**Question 1**

A thread switch is more efficient than a process switch because:

* Thread switching involves switching from one thread to another in the same process. This operation is generally efficient because it doesn’t require hundreds of cycles.
* Process switching involves switching the memory address space. This is an expensive operation, because the processor must copy the state of each thread. Doing so is quite taxing and requires a lot of resources and cycles. Copying each thread involves, but is not limited to, saving and loading registers and memory maps, updating various tables/lists, copying data such as the program counter, etc. Furthermore, there are indirect costs such as cold cache and cache misses.

Therefore, a thread switch is more efficient than a process switch because the procedure of switching in and out of memory space (kernel + user) is costly.

We Have:

* 20 scalar variables 🡪 20 variables to add up
* 20 x 20 matrix 🡪 400 variables to add up

According to Amdahl’s Law:

Execution Execution time affected by improvement

time after = ------------------------------------------------------- + Execution time unaffected

improvement Amount of improvement

With 1 processor, the speed is:

(20 scalar variables) + (20 x 20 matrix) = 20t + 400t = 420t

With 100 processors, the speed is:

(400/100)t + 20t = 4t + 20t = 24t

Speed-up = 420t / 24t = 17.5

One processor’s load is twice than all the rest.

Previously, the work load was uniformly distributed and each processor got an equal share.
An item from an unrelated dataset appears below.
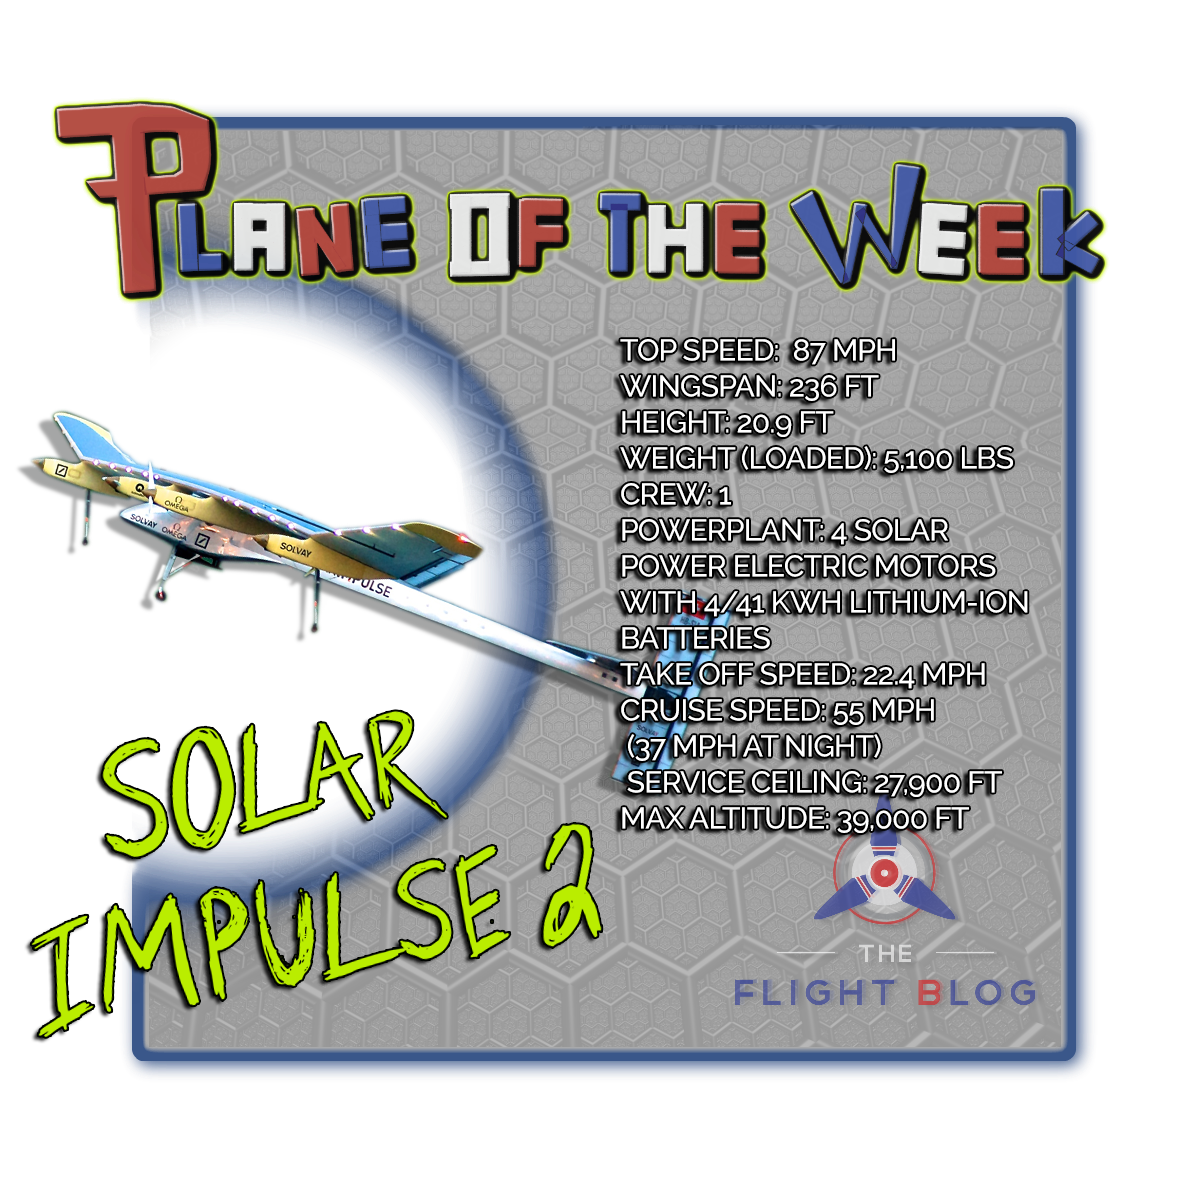 SOLAR IMPULSE 2 SPECS
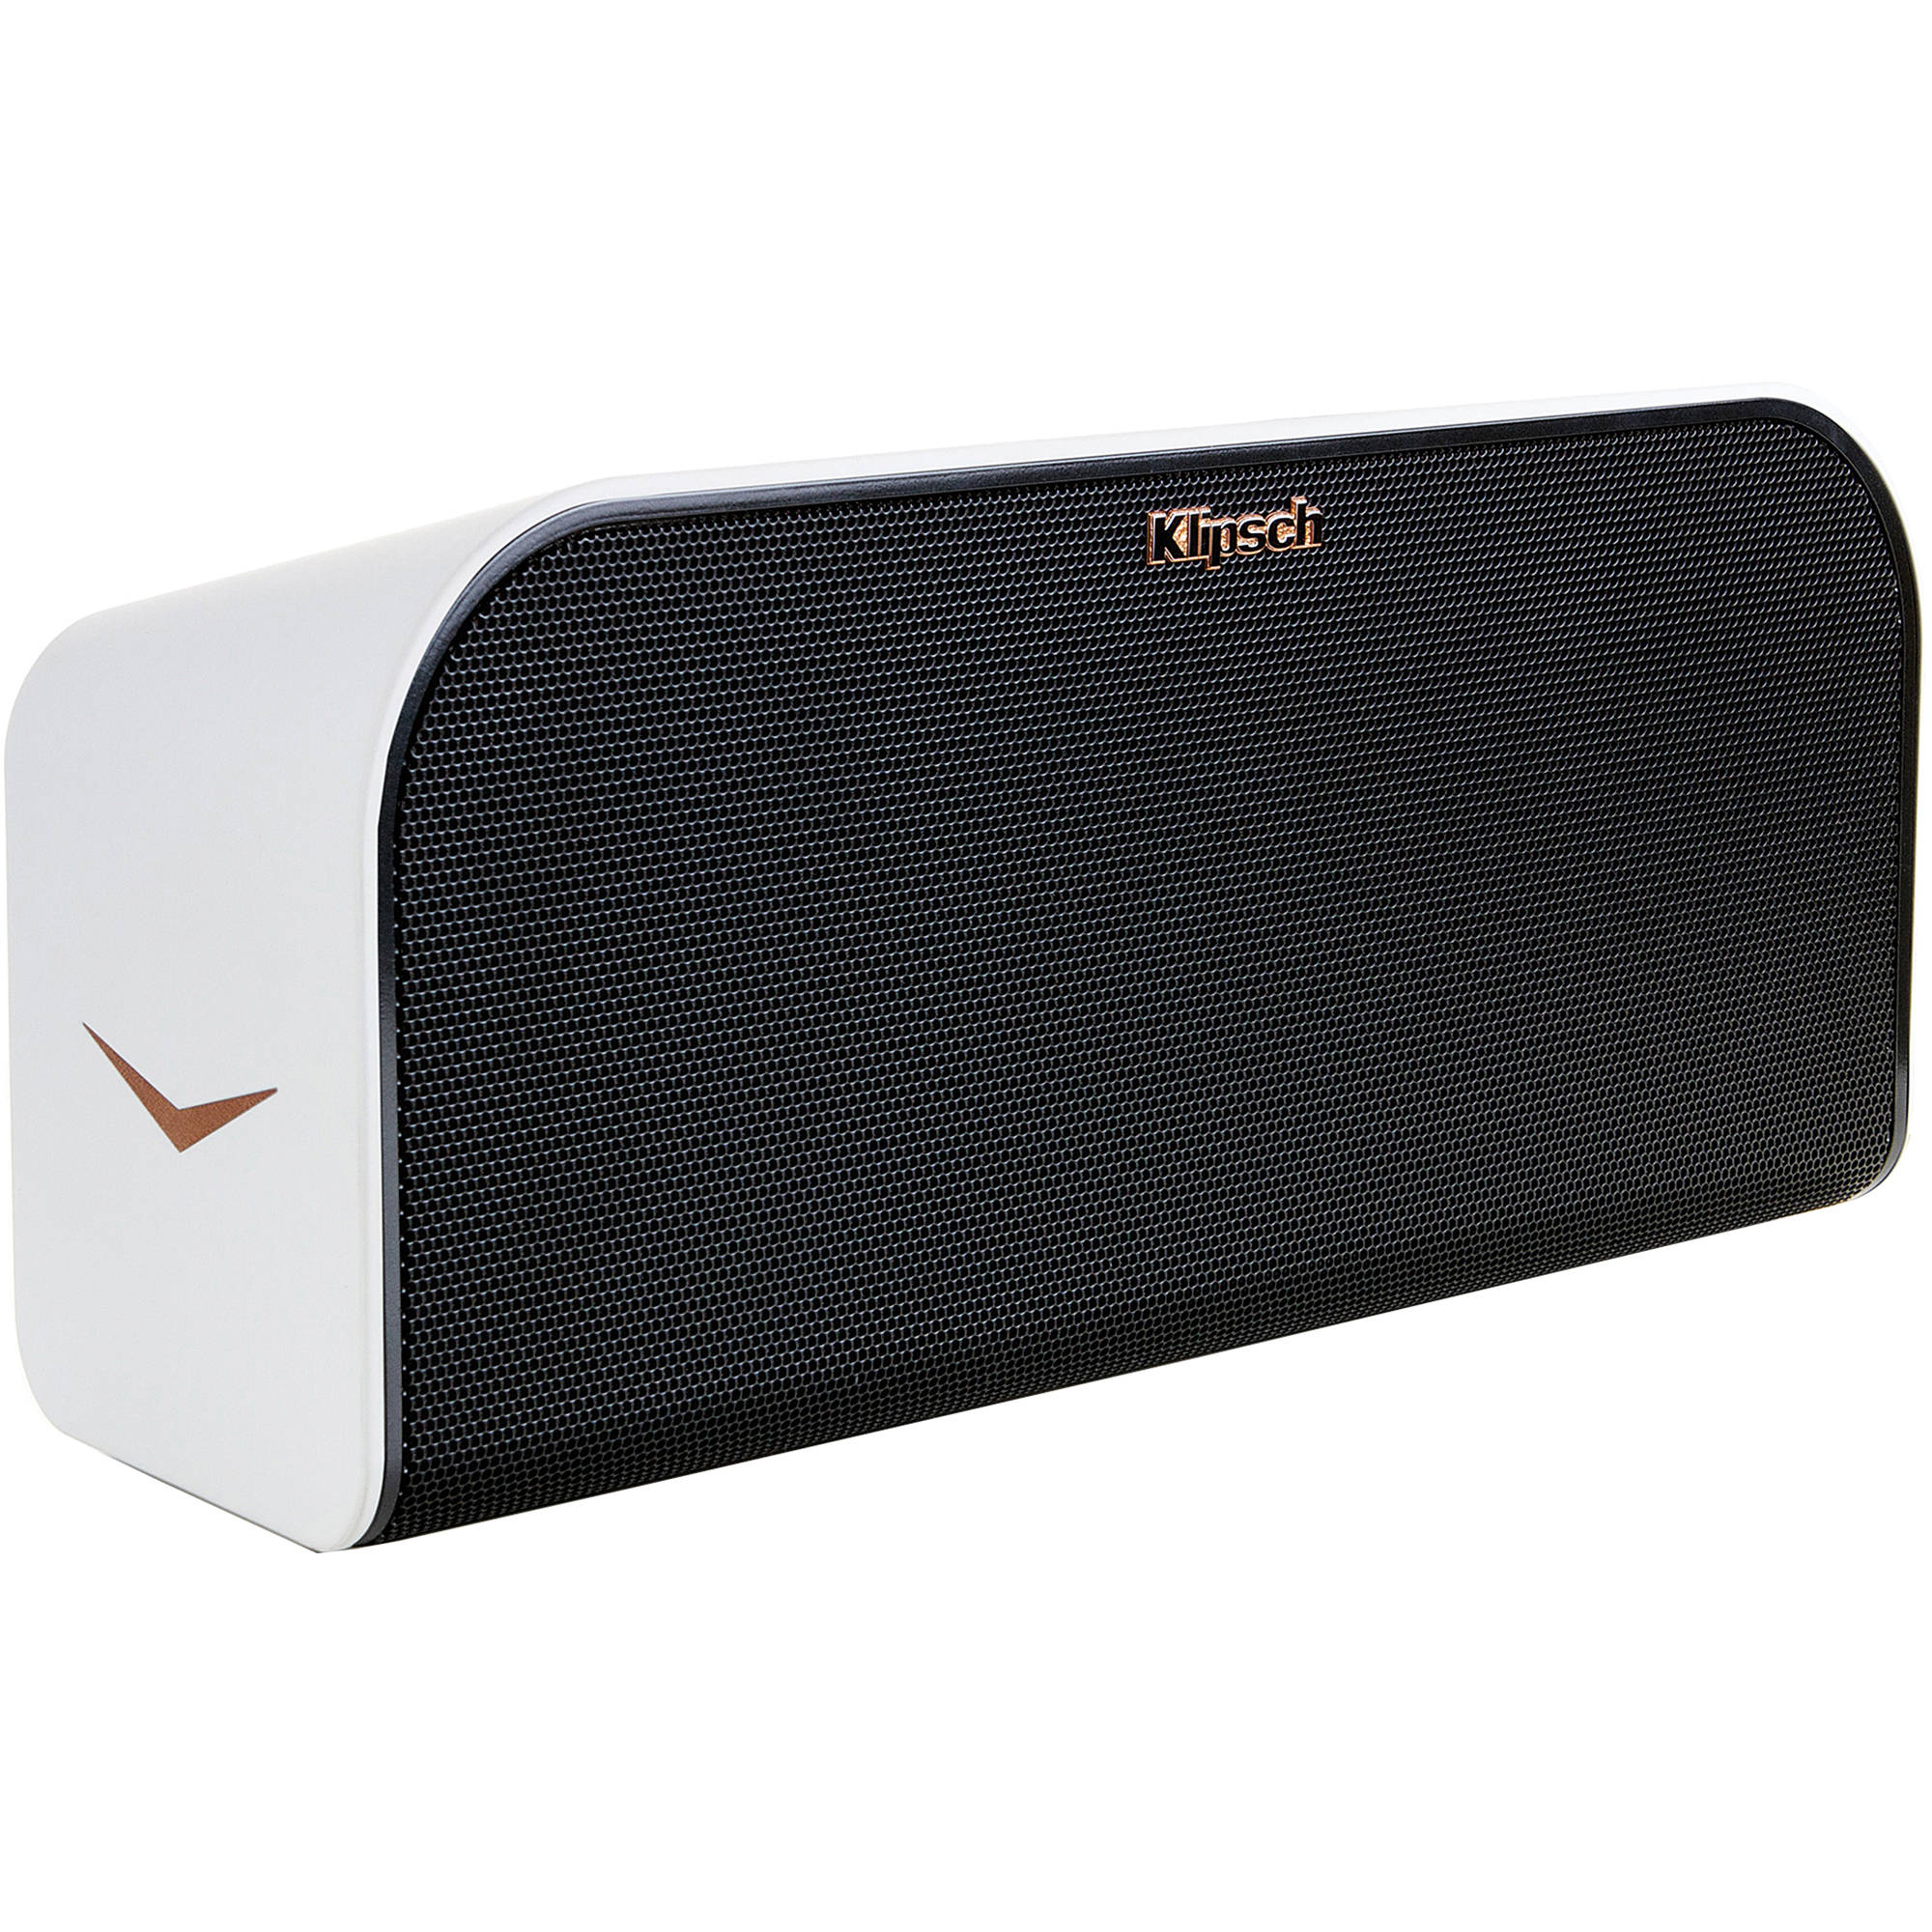 klipsch 1016240 kmc 3 2 1 wireless home music system 1016240 b h. Black Bedroom Furniture Sets. Home Design Ideas

Now, one processor does 2x as much work as the other processors (NOT combined).

Previous load: Each processor had a load of (100/100) = 1% (Uniformly distributed)

Previously, each processor did 1% of the workload

Now, the New Load Is:

1 processor = 2% 🡪 (B/C 1% x 2 = 2%)

99 processors = 98% 🡪 (100% - 2% = 98%)

If one processor has 2% of the load, then it must do: 2% x 400 additions.

2% x 400 = 8. So one processor is doing 8 matrix additions, while the rest 99 processors share 392 additions.

1 processor = 8 matrix additions 🡪 8/1 (matrix additions per processor)

99 processors = 392 additions 🡪 392/99 (matrix additions per processor)

So, according to Amdahl’s Law:

Execution time after improvement = Max (392t/99, 8t/1) + 20t = Max (3.959, 8) + 20t = 28t

(We take the max because whatever finishes slower is the “bottleneck”. While the 99 processors,

Speed-up = 420t / 28t = 15

**Question 2**

Temporal Locality

* size: It gets read on each iteration of two loops
* outer: Gets incremented by one at the end of the first for loop. It’s also used to reference elements in array.
* inner: Gets incremented by one at the end of the second for loop. It’s also used to reference the elements in an array
* lMat[outer][1]: In the second loop, it gets accessed over and over again, and is the same value. Since the same value is being called over and over again, this is temporal.

Spatial Locality

* rMat[outer][inner]
* rMat[inner][outer]
* lMat[outer][1]

^ These exhibit spatial locality because they are arrays, and each element is accessed with each increasing iteration. Since each element is accessed sooner or later, the compiler stores it in the cache. Therefore, this is spatial locality because the elements of the array are nearby each other in memory.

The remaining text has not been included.